Task> Starting at the line below with "jordache jeans mens" and stopping at the line with "Ferragamo White And", please print each line exactly, those two included, and skip every picture.

Information provided>
○ ○ ○ ○ ○

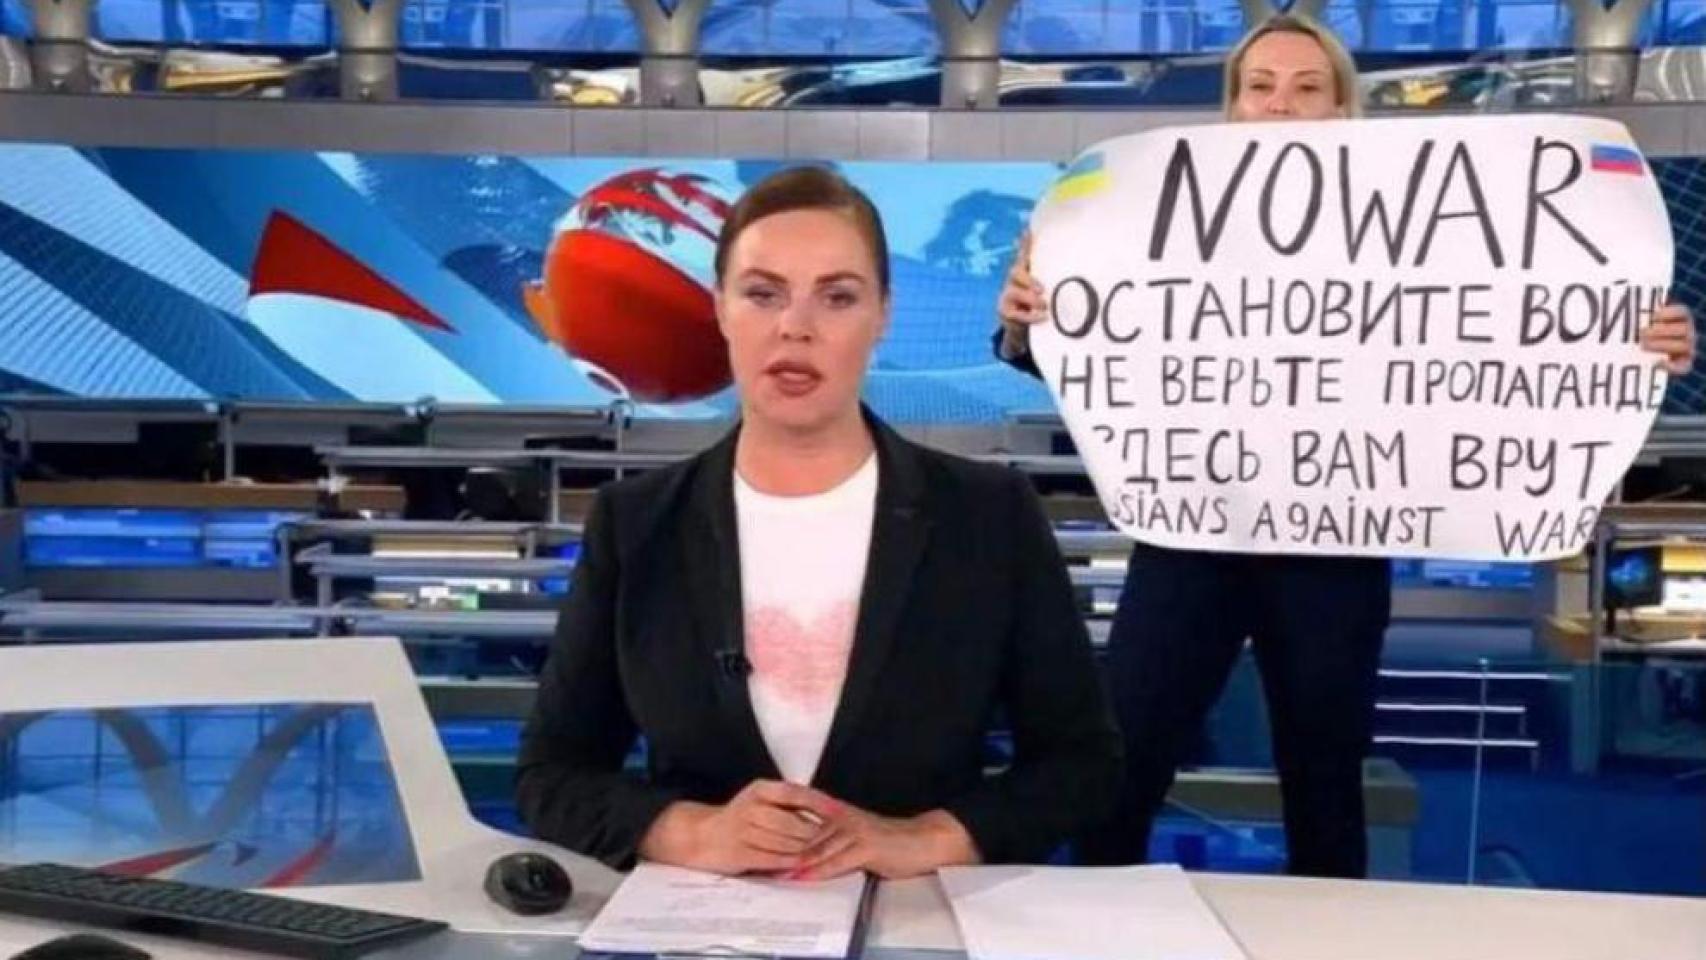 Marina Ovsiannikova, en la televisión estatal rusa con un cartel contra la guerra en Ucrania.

○ ○ ○ ○ ○

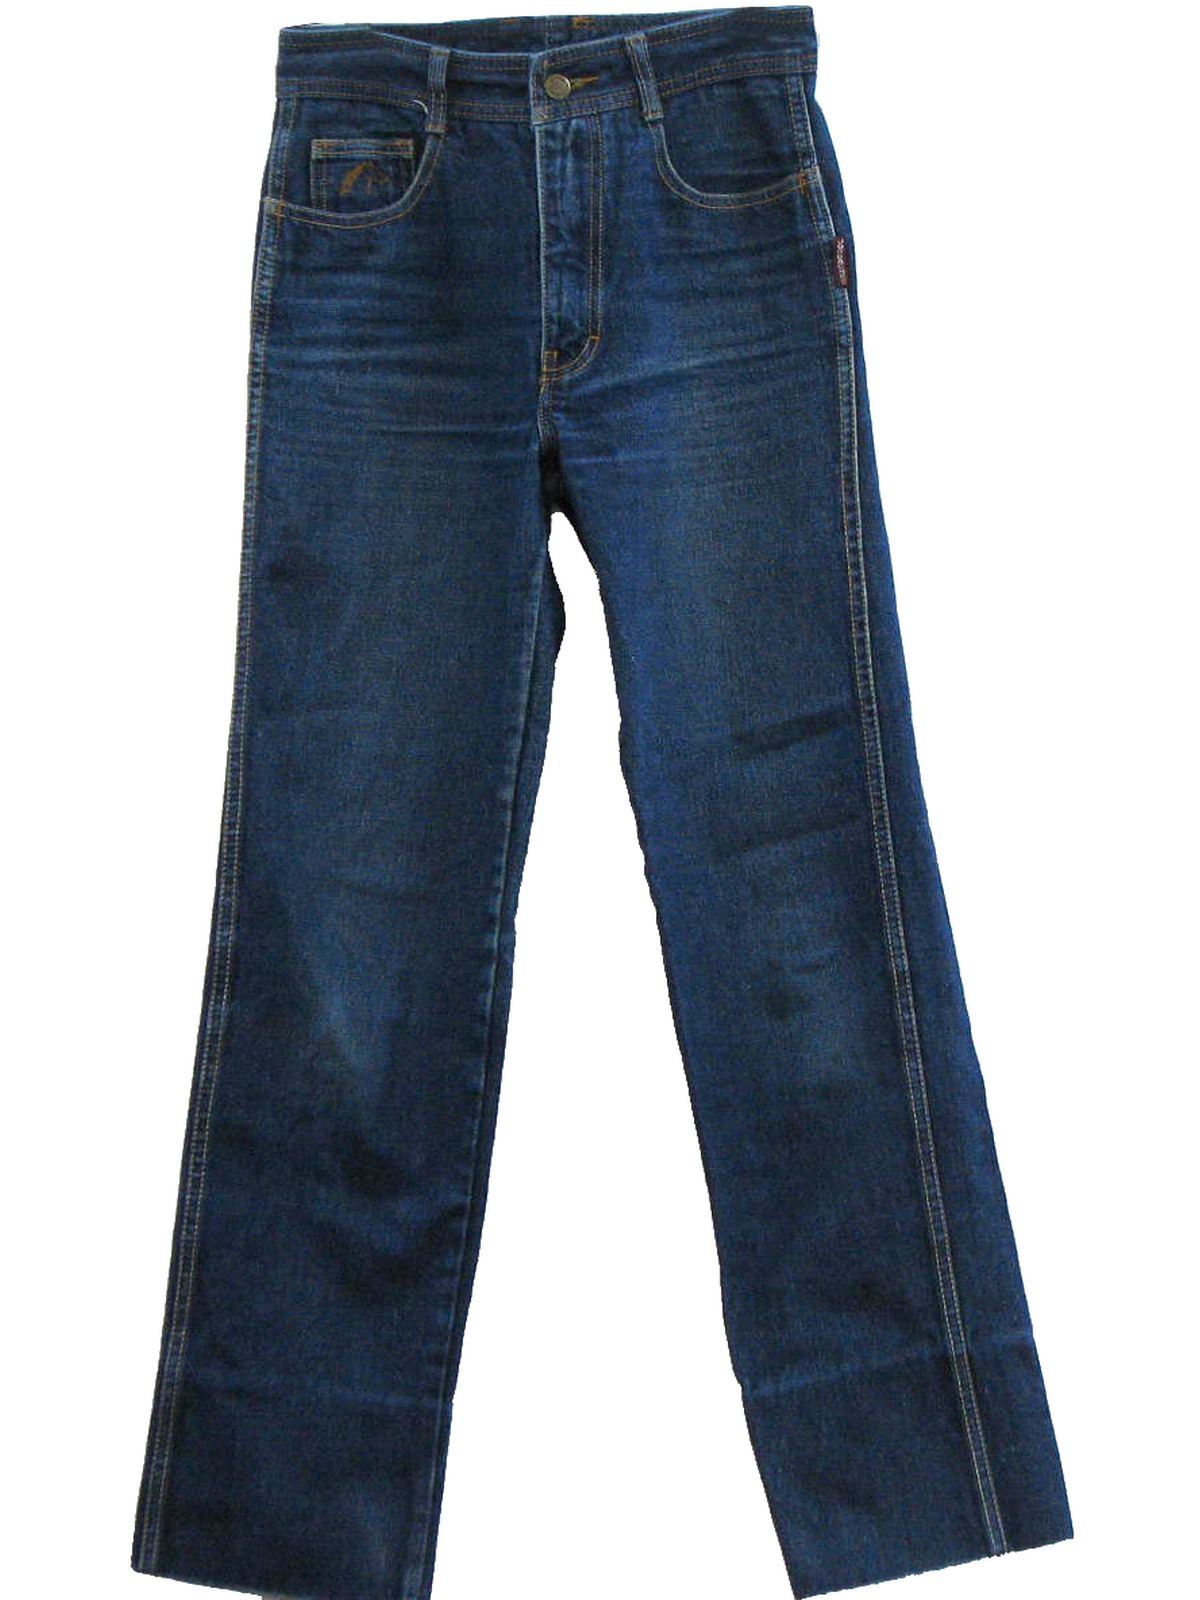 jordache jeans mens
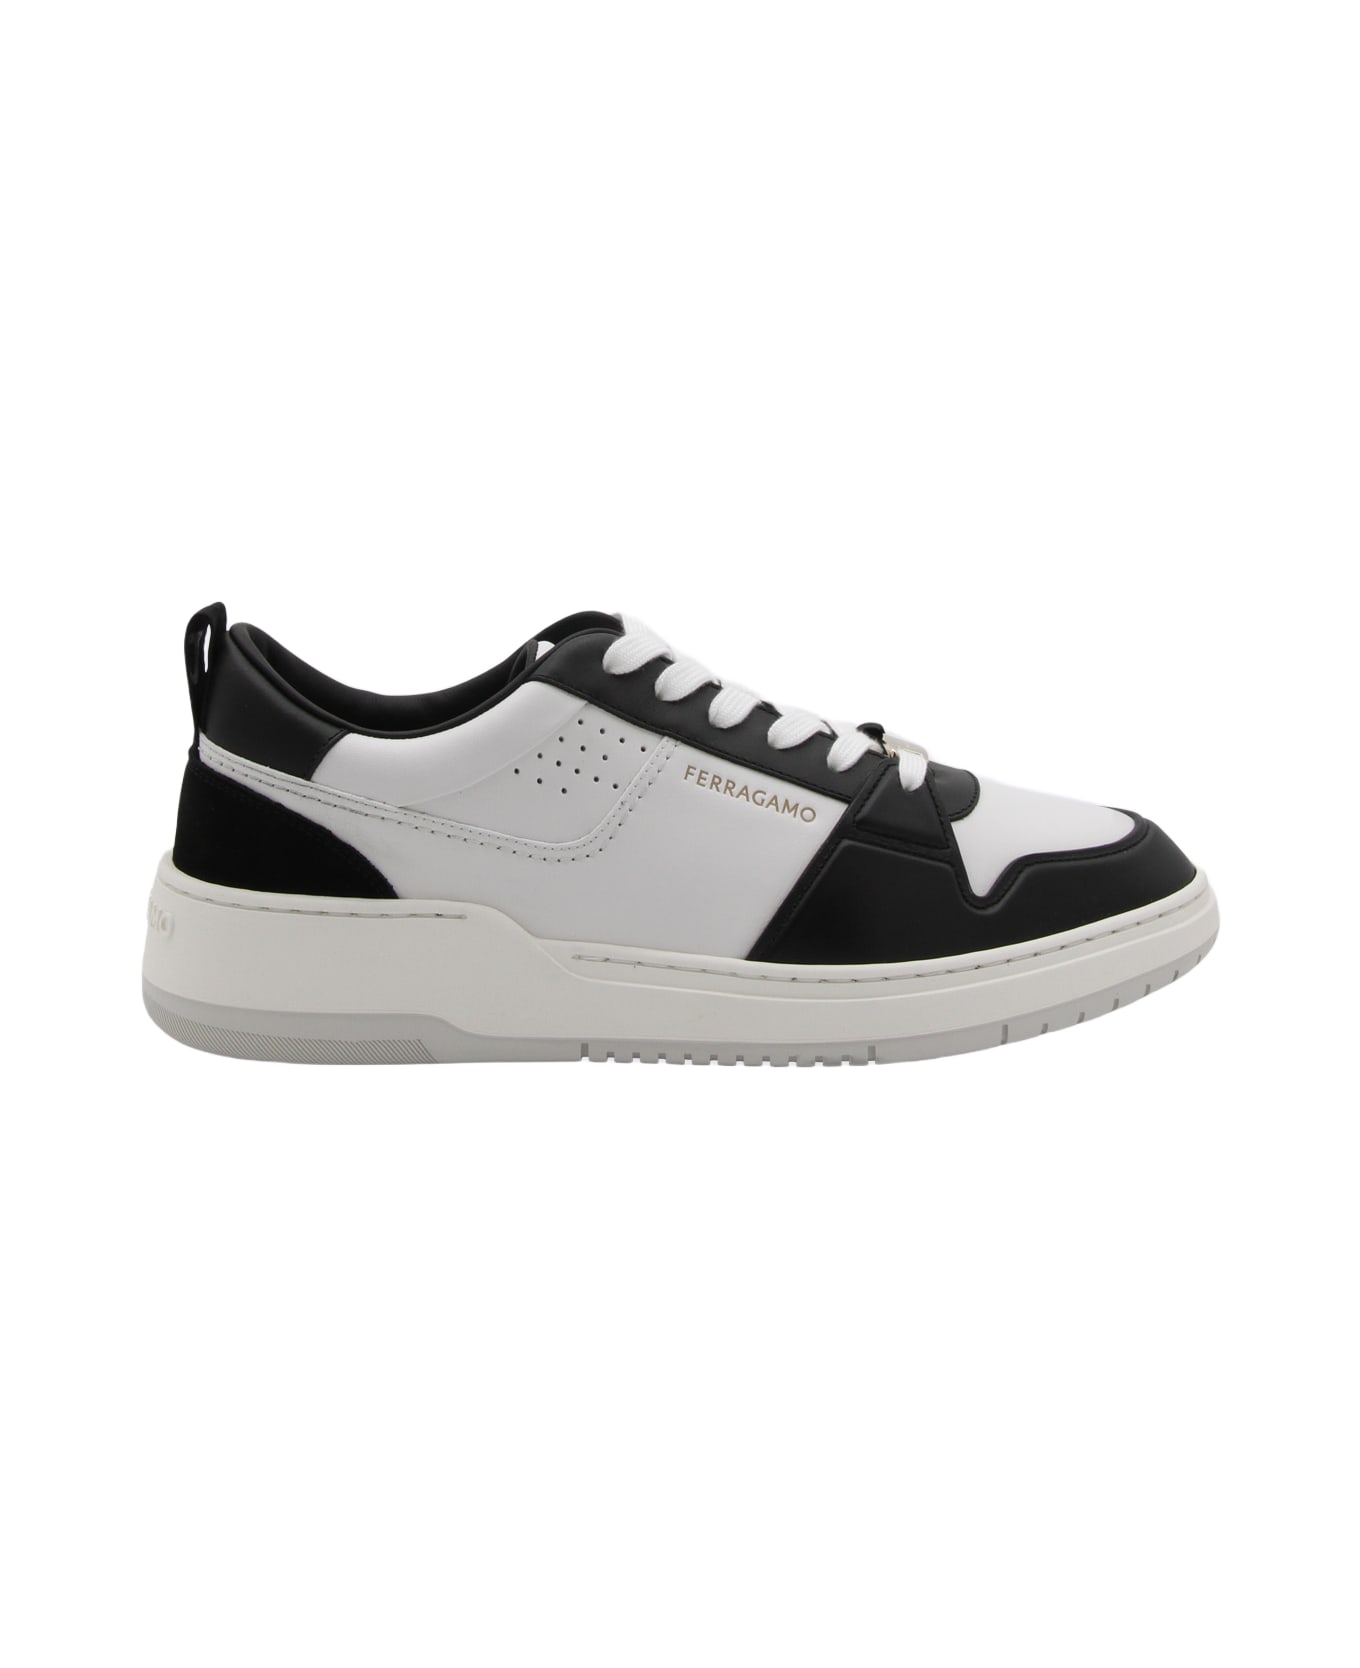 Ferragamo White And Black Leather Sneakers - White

○ ○ ○ ○ ○

Solution for this exercise>
 jordache jeans mens
 Ferragamo White And Black Leather Sneakers - White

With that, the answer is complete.